START DATA FOR PROCESSING
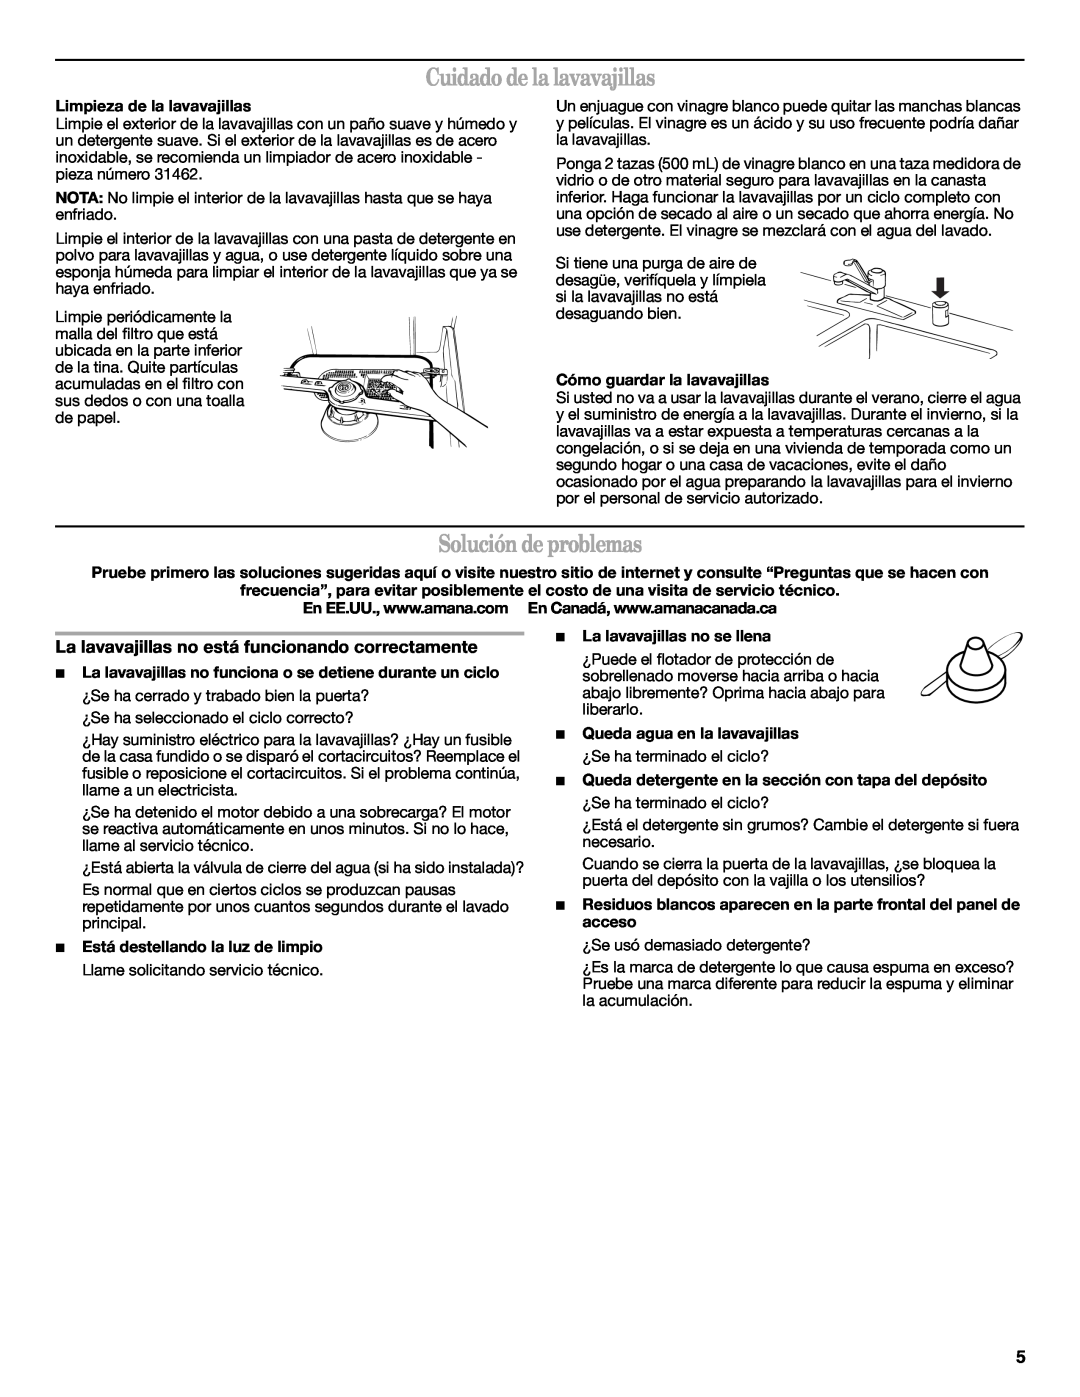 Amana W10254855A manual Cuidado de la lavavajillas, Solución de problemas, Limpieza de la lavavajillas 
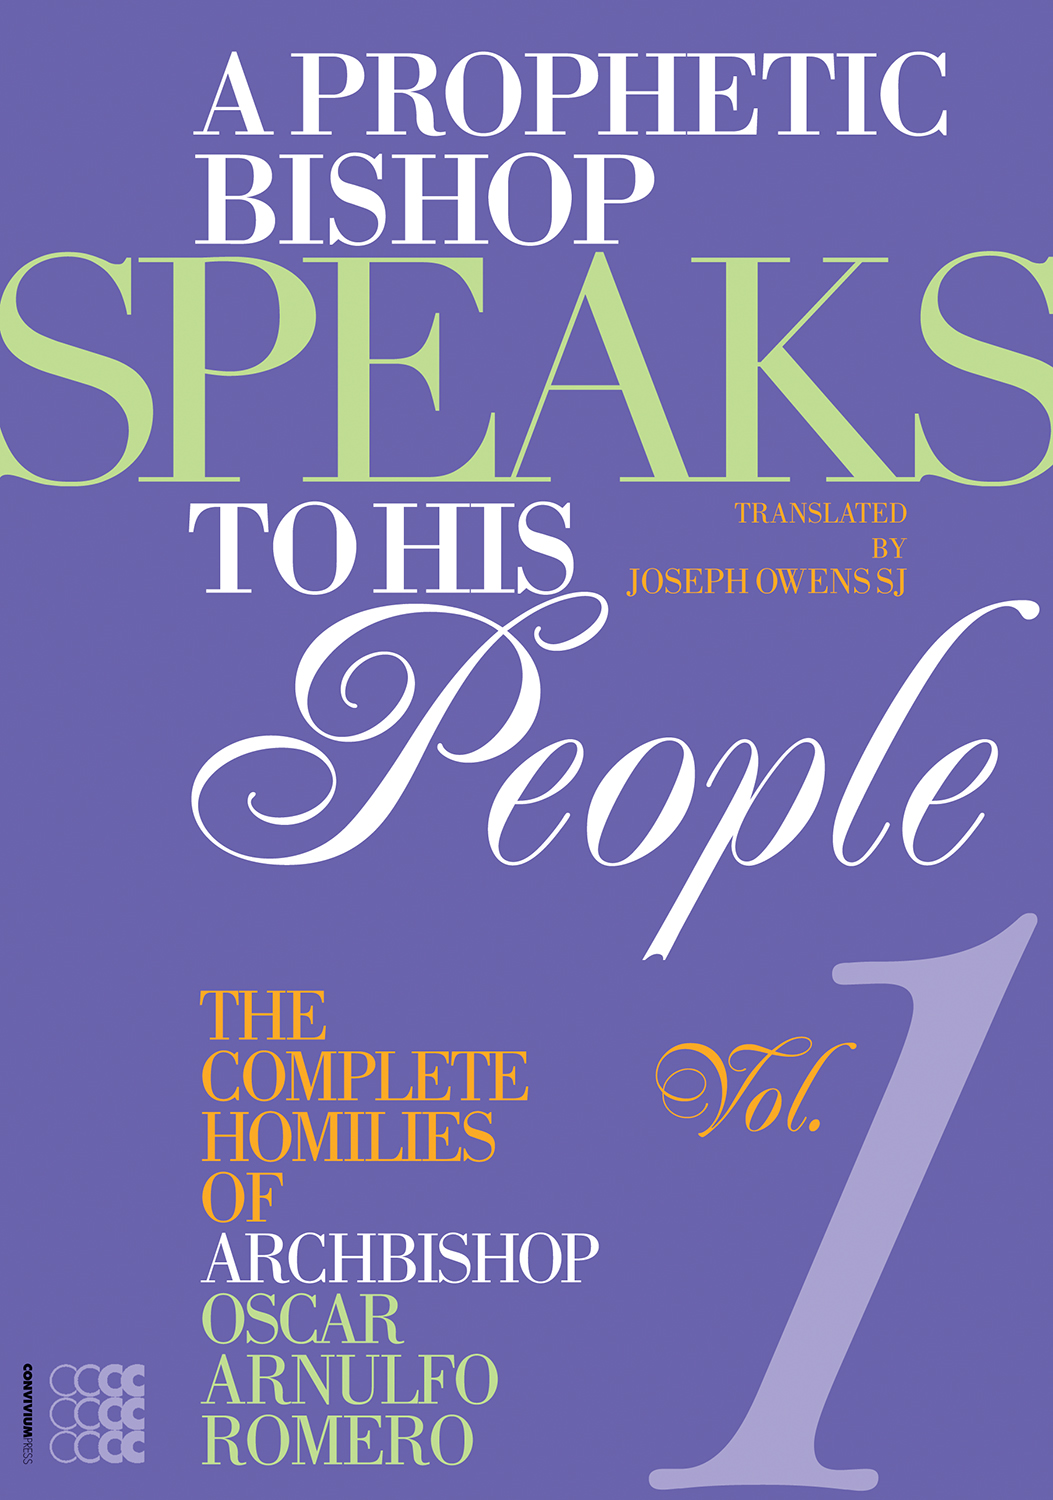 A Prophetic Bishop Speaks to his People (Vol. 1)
END DATA FOR PROCESSING
START DATA FOR PROCESSING
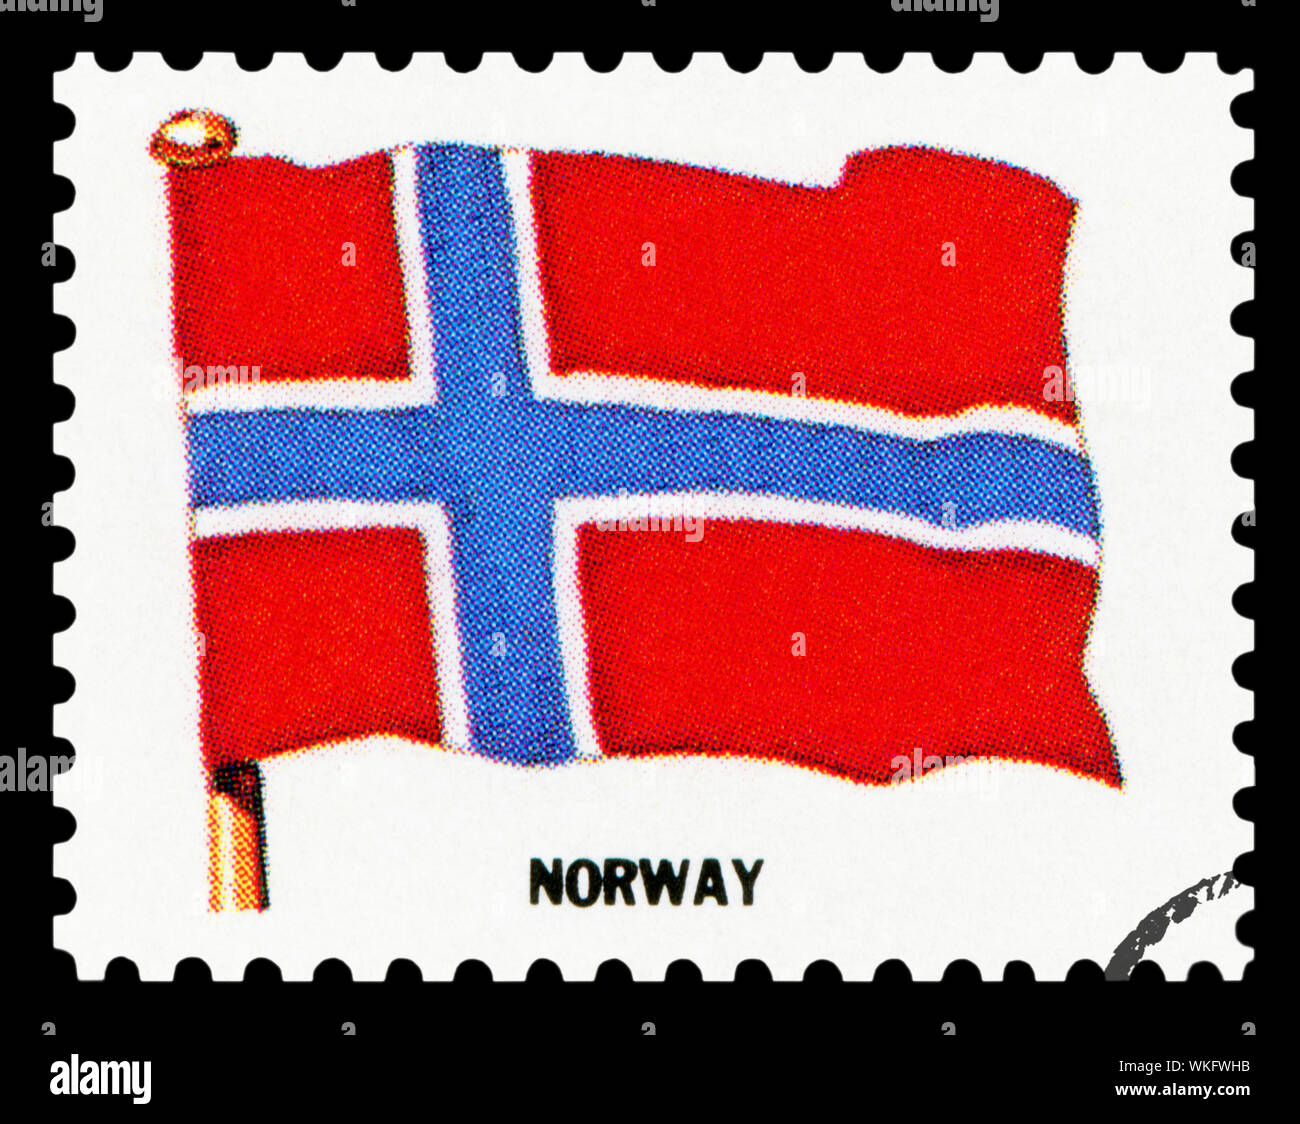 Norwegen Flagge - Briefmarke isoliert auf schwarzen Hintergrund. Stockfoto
END DATA FOR PROCESSING
**WORK INSTRUCTION**.
Exactly the lines above, from the one containing "Amana W10254855A manual" down to the one containing "A Prophetic Bishop", are to be repeated, including both ends. Pictures are not part of the copy.

**ANSWER SECTION**.
 Amana W10254855A manual Cuidado de la lavavajillas, Solución de problemas, Limpieza de la lavavajillas 
 A Prophetic Bishop Speaks to his People (Vol. 1)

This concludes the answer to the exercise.